2002 Alex Award Winners


year of wonders

Geraldine Brooks.
Year of Wonders: A Novel of the Plague.


A year after the plague strikes her village, Anna reflects on how the townsfolk handled their minister's request to remain in town to prevent the illness from spreading. Faith, then healing herbs and potions keep everyone going--until doubt creeps in, and witch-hunting, greed, and madness take over the villagers' lives.

an american insurrection

William Doyle.
An American Insurrection: The Battle of Oxford, Mississippi, 1962.


When James Meredith became the first black man to enter the University of Mississippi, he "forced America to face the contradiction of second-class citizenship for multitudes of its black citizens, not with speeches, boycotts, or sit-ins, but on a battlefield." Doyle takes teens to two of those battlefields: a cerebral one where Meredith, President John Kennedy, and Governor Barnett grapple over politics; and a physical one, where federal troops and local mobs converge on the university campus.

gabriel's story

David Anthony Durham.
Gabriel's Story.


Upset when he has to leave Baltimore to join his mother and her new husband on a Kansas farm, 15-yearold African American Gabriel and his new friend, James, run away from their homes to join a group of mostly white cowboys herding cattle to Texas.
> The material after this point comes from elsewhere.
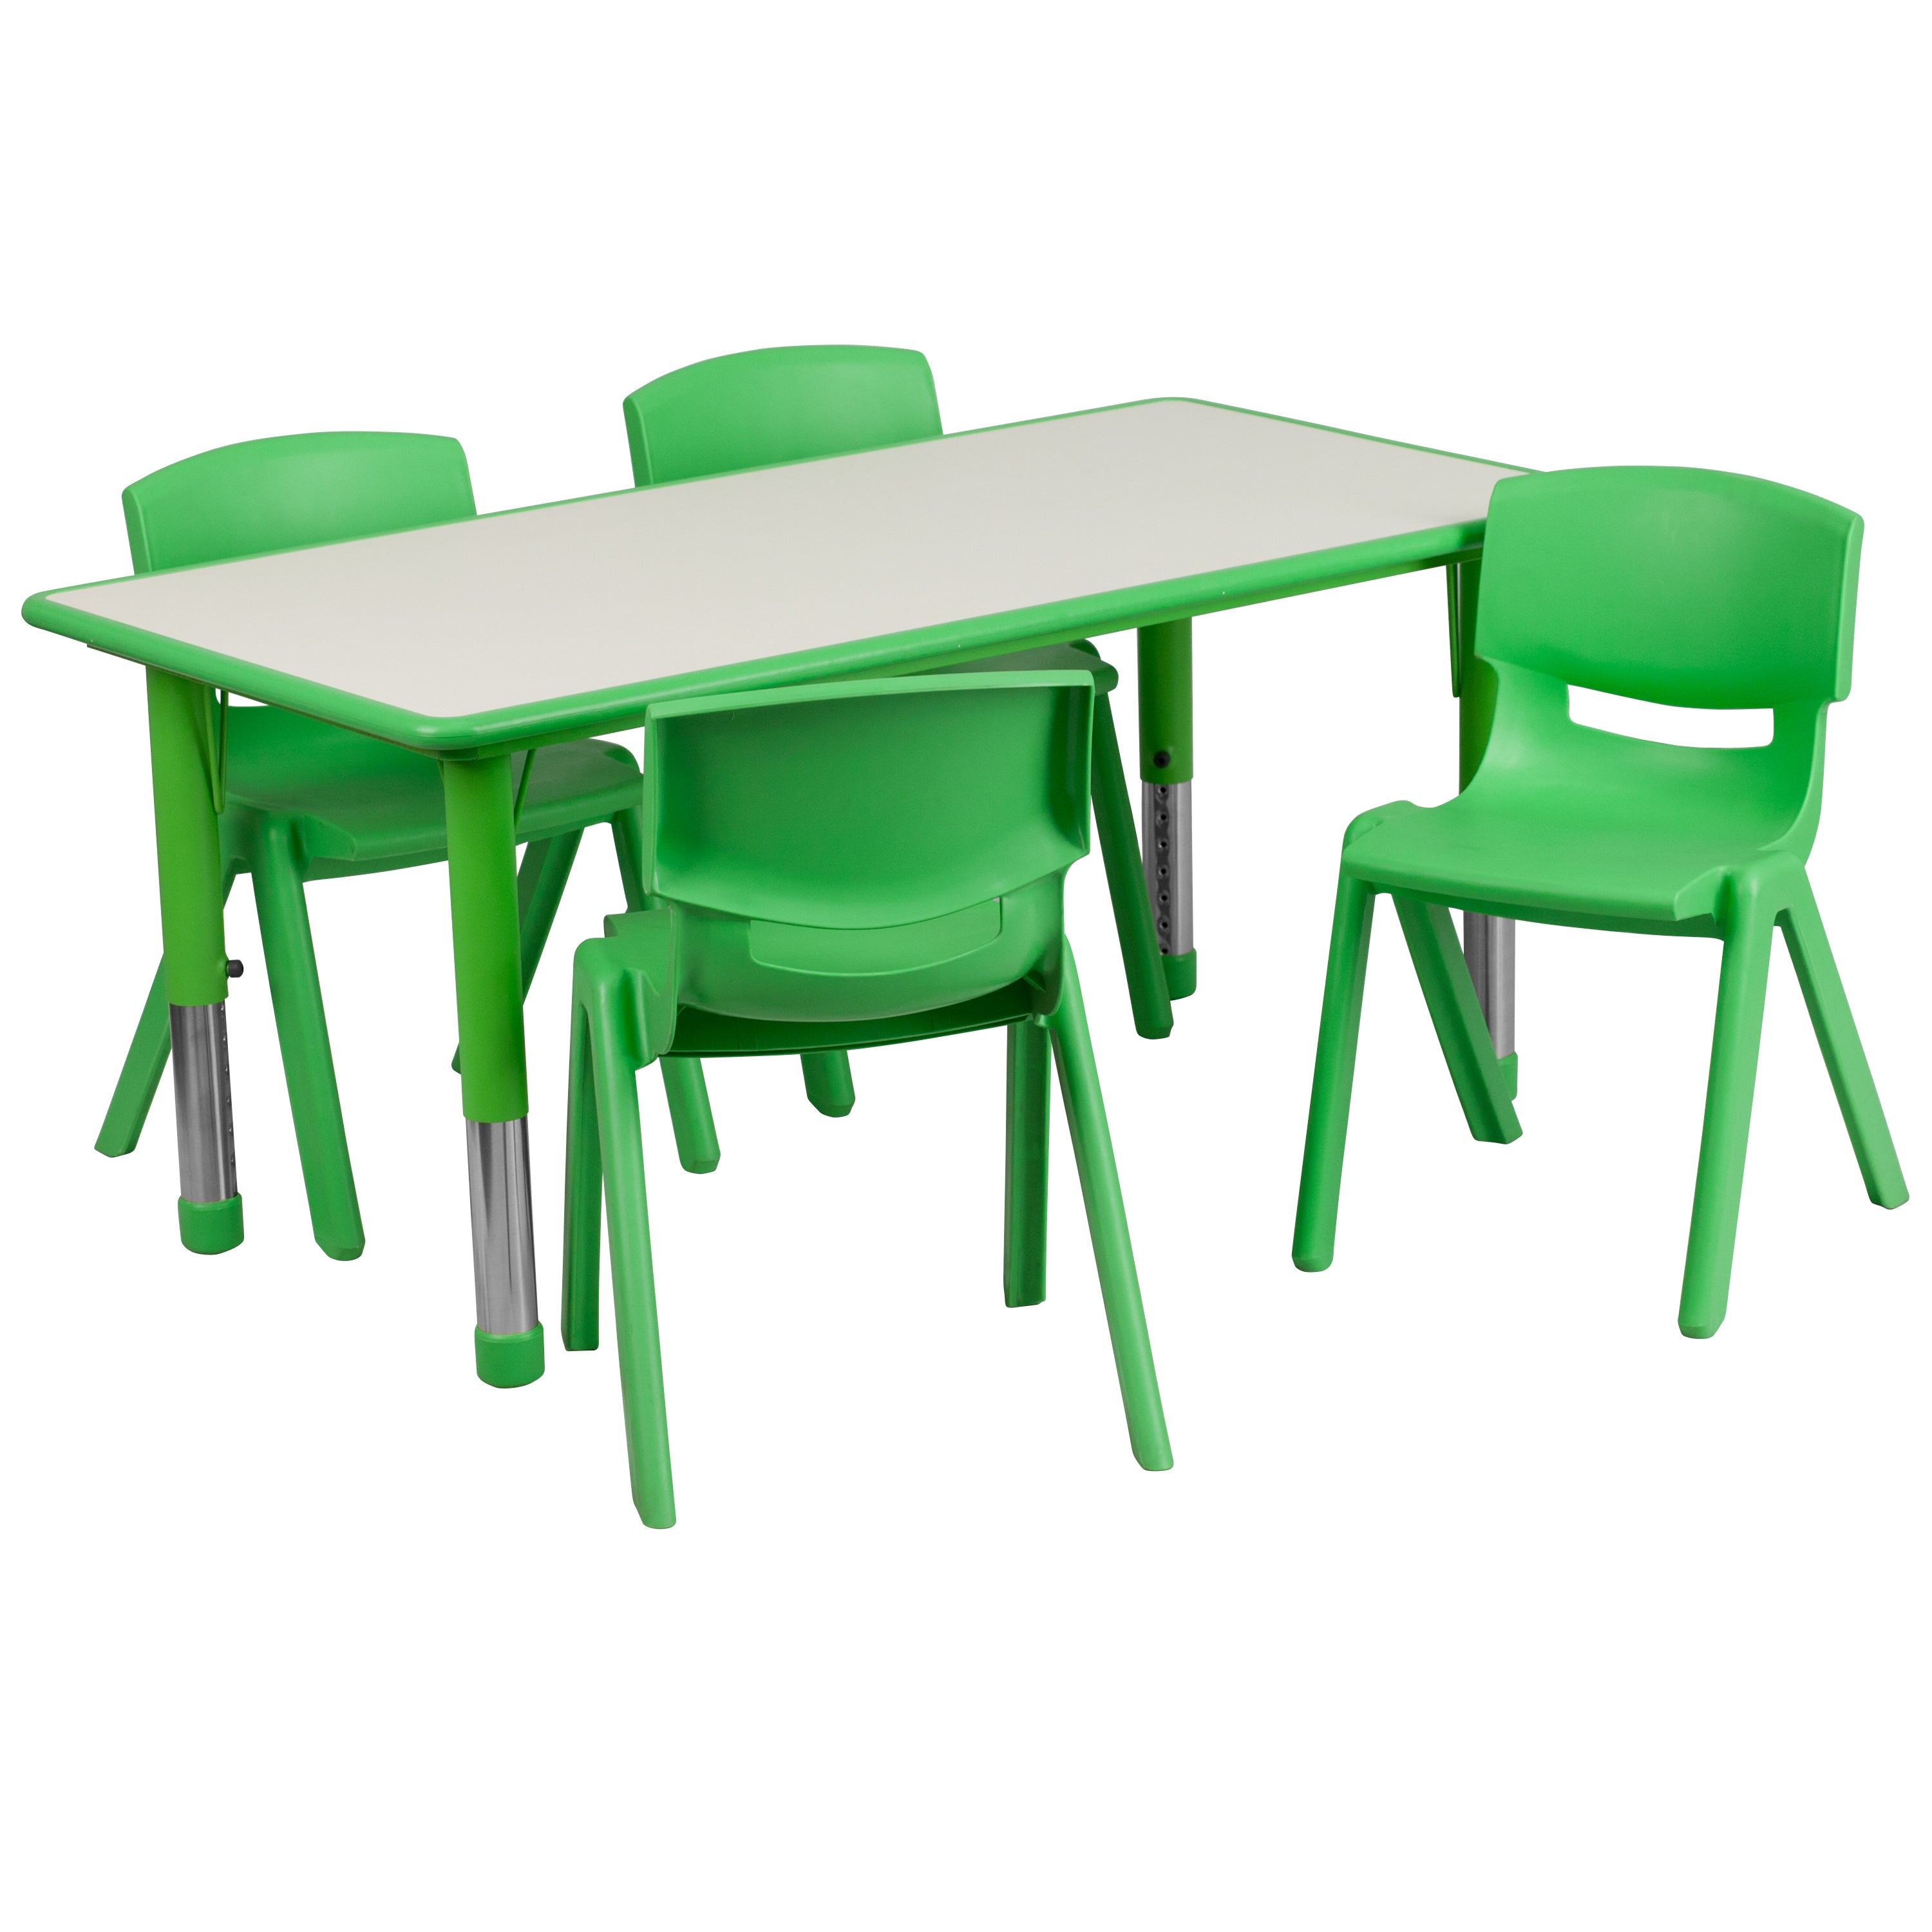 23.625"W x 47.25"L Rectangular Plastic Height Adjustable Activity Table Set with 4 Chairs-Rectangular Activity Table Set-Flash Furniture-Wall2Wall Furnishings

Too late, they realize that their cowboy comrades are their worst enemies. A graphic, richly poetic view of frontier life during Reconstruction.


nickel and dimed

Barbara Ehrenreich.
Nickel and Dimed: On (Not) Getting by in Boom-Time America.


To find out if individuals can survive on the "wages available to the unskilled," journalist Ehrenreich spent 12 months working at a variety of minimum-wage jobs. Her experiences offer a gritty glimpse into the world of day-to-day work, a stark picture of living from hand to mouth, and a personal perspective on the politics of welfare.

peace like a river

Leif Enger.
Peace like a River


Set in a quiet 1960s Minnesota community, this magical debut novel centers around 11-year-old asthmatic Reuben Land and his family: his father, his brother, and his precocious younger sister. Life turns upside down when Davy, Reuben's older brother, kills two intruders who plan to harm the family. After Davy breaks out of jail, the Lands leave their home and set out to find him.

the wilderness family

Kobie Kruger.
The Wilderness Family: At Home with Africa's Wildlife.


Kruger eagerly embraced her husband's assignment to a remote ranger station in South Africa, where her life revolved around temperamental hippos, rambunctious badgers, and three beautiful, willful daughters. What she didn't count on was the starving lion cub that her husband brought home.

kit's law

Donna Morrissey.
Kit's Law.


Kit lives in a ramshackle cottage with her mentally challenged mother, Josie, the town tramp, and her loving, protective grandmother, Lizzy. When Lizzy dies, Kit fights to keep her mother out of an asylum, but Josie's wild ways make it difficult. Speculations about the identity of Kit's father and Kit's first love add more texture to this earthy but charming first novel, which is set in Newfoundland.

the rover

Mel Odom.
The Rover.


Four-feet-tall Wick, Third Level Librarian in the Vault of All Known Knowledge, is an imaginative Halfer who longs for the drama he reads about in books. He finally gets a chance to experience adventure when he's kidnapped by pirates, sold into slavery, rescued by thieves, and sent to rob a tomb. Lighthearted, exuberant, and fun.

motherland

Vineeta Vijayaraghavan.
Motherland.


Fifteen-year-old Maya must reconcile her Indian heritage with her life as a modern American teen when she goes to spend the summer with her grandmother in India. An accident and an unexpected illness are the catalysts for the revelation of a family secret that gives Maya a profoundly different view of her mother--and ultimately herself.


black, white, and jewish

Rebecca Walker.
Black, White, and Jewish: Autobiography of a Shifting Self.


Born in 1969 to civil rights activists who defied convention, Walker was a "movement child." But when the movement changed course, and her white father and black mother divorced, Walker found herself without an identity--a misfit: too black for some; not black enough for others. A poignant, sometimes angry recollection about racism, growing up, growing away, and finding oneself.